Use of sed, awk, cut, etc. would perhaps make more sense for this, but I'm looking for a pure bash solution.
Needs to work under GNU bash, version 3.2.51(1)-release
After editing your question to talk about patterns instead of regular expressions, I'll now show you how to actually use regular expressions in bash :)
[[ $var =~ ^.*/(.*)-(.*)_ ]] && var="${BASH_REMATCH[#]:1:2}"
Parameter expansions like you were using previously unfortunately cannot be nested in bash (unless you use ill-advised eval hacks, and even then it will be less clear than the line above).
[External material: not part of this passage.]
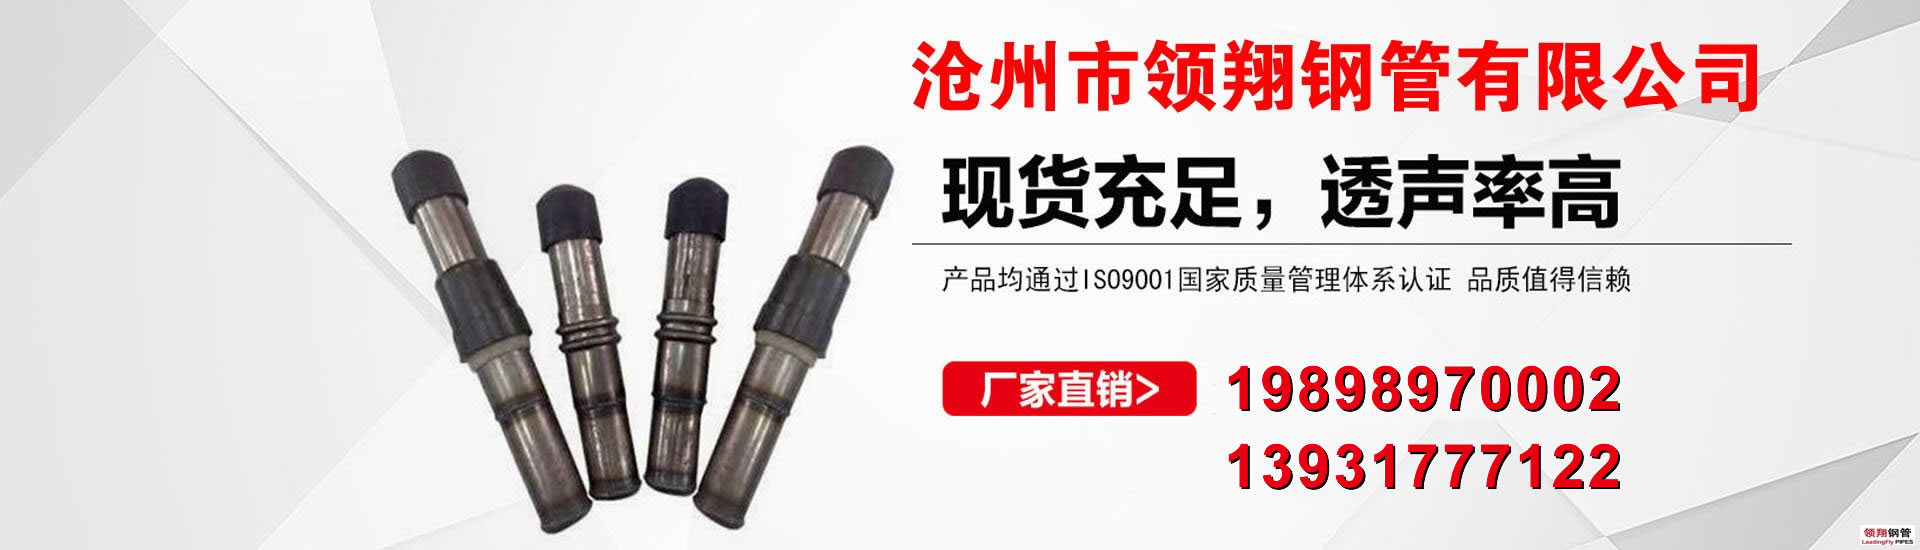 声测管厂家-桩基声测管现货价格-沧州市168精准计划网下载钢管有限公司

The =~ operator performs a match between the string on the left and the regular expression on the right. Parentheses in the regular expression define match groups. If a match is successful, the exit status of [[ ... ]] is zero, and so the code following the && is executed. (Reminder: don't confuse the "0=success, non-zero=failure" convention of process exit statuses with the common Boolean convention of "0=false, 1=true".)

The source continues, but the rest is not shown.